Saturday, May 26, 2007

Trial and error

People seem to become speechless because of my rantings. I don't know exactly how to interpret that:)
When solving problems there are two phases:
  • Trial and error.
  • Calculation.
Trial and error.
To let your unconscious chessmodule release stored patterns it is necesarry to trigger that. The release is triggered by a conscious effort. Scanning the board and making moves in your mind is such conscious effort. In the mean time is this conscious trial and error itself highly dependant from unconscious processes. What makes that you look conscious at Bc4 and forget to look at Bb5? The difference is caused by the unconscious processes that lie beneath.
Thoughtprocesses start out conscious, but soon they are transferred to the unconscious zone and steer from there the conscious trial and error. In the mean time does this trial and error not make a very effective impression.
Is there any need to extend the phase of trial and error to 30 minutes or more for a problem? Does the extra effort for those 30 minutes trigger the emotions that burn the pattern deeper in the brain? Or can you go immediately to the solution in order to make yourself familiar with the new pattern? During the trial and error phase, you don't really calculate. You are merely looking for clues and familiar patterns. When you conduct a game, this trial and error plays a lesser role since you most of the time have an idea what you want to head for. But when you look at a position that doesn't stem from one of your own games, it is more difficult to find a clue.

Calculation.
You can only start to calculate when all major motifs in the position are released by your chessmodule. As said, calculation doesn't seem to be the biggest problem.

1 comment:

  1. I tend to break my training up into problems that I just want to learn but not study, to insert into the unconscious pattern recognition etc machinery. Then there are problems I take tons of time on, especially if they have good annotations. Or, I just play slow games as that makes me practice calculation, time management, and all those aspects of my thought process which I am not even conscious are part of my thought process.
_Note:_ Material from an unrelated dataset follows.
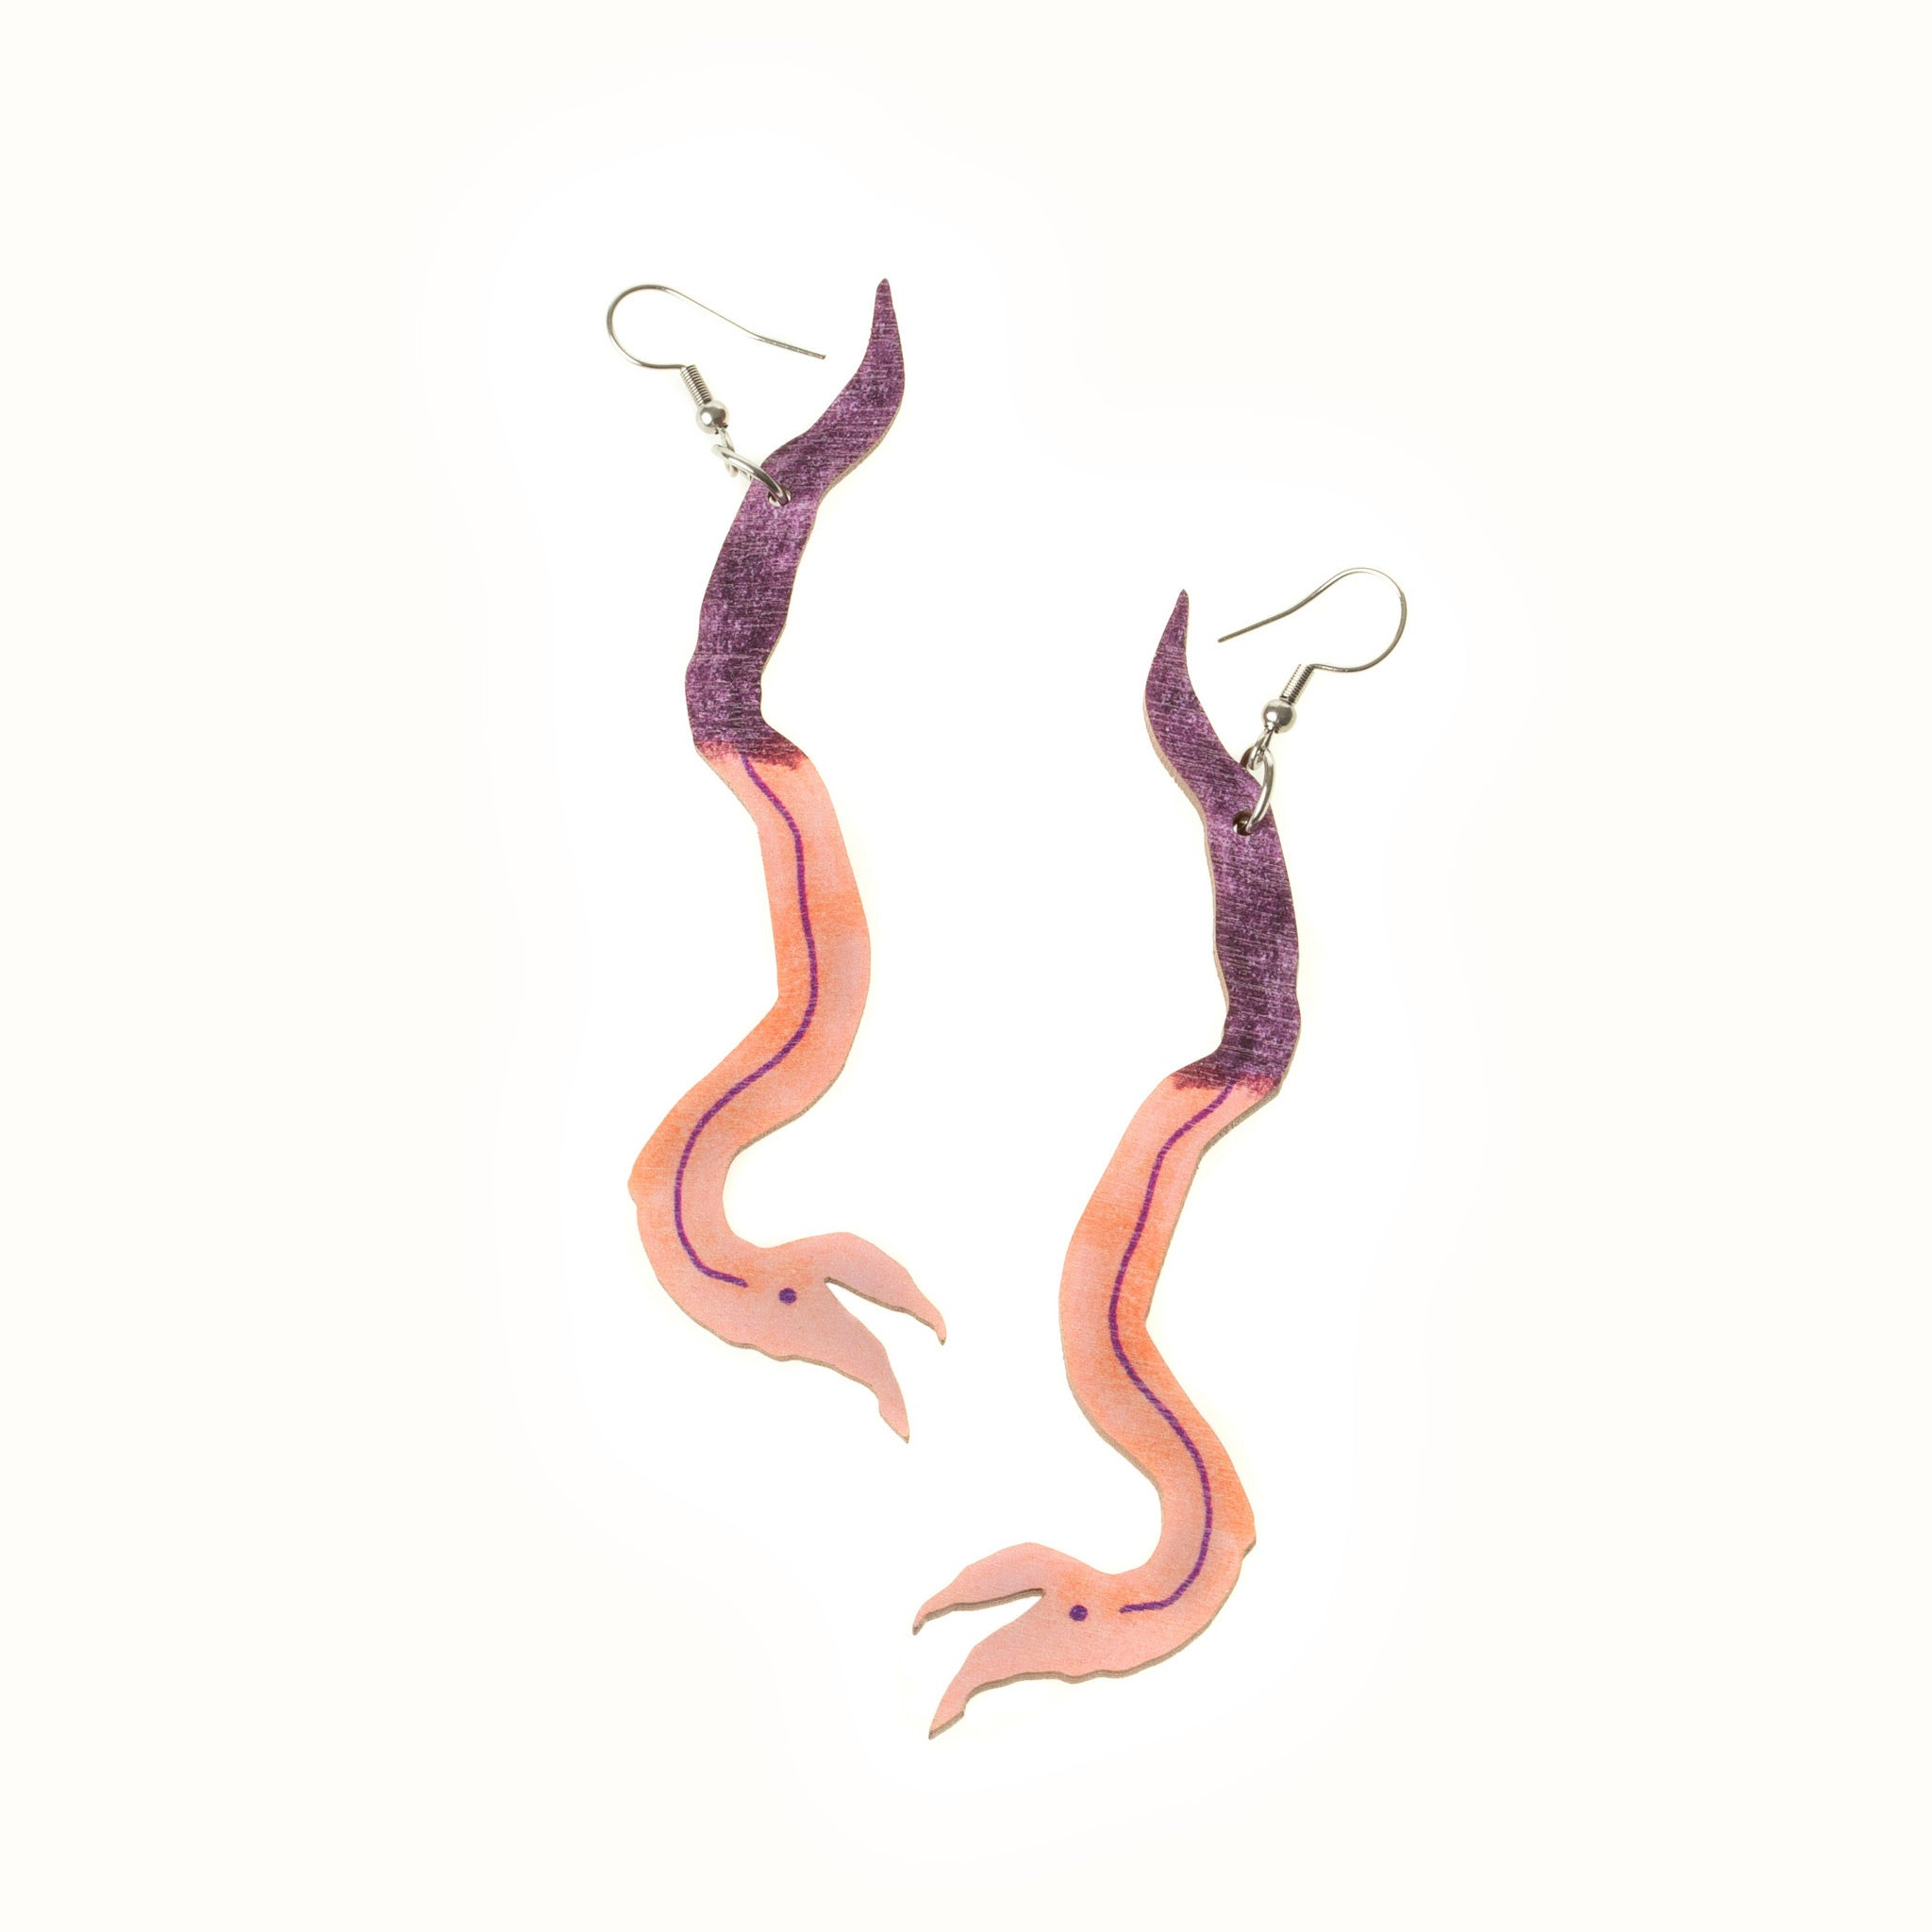 My Worms, My Friends #2 earrings

    Then, when I go over my losses (and some wins) with my coach, he will often point out obvious things I overlooked (e.g., one of our first weeks he was like: this move is obvious--exchange bishops, leaving him with doubled isolated rooks on a half-open file--I don't miss that pattern much anymore!). I could have gotten that from a GM game, perhaps, but very often the GM annotated games are so high level, they are basically at 0.0 evaluation until near the end, which is very much unlike my games that are almost all about gross material threats, and major positional blunders (not subtle positional errors).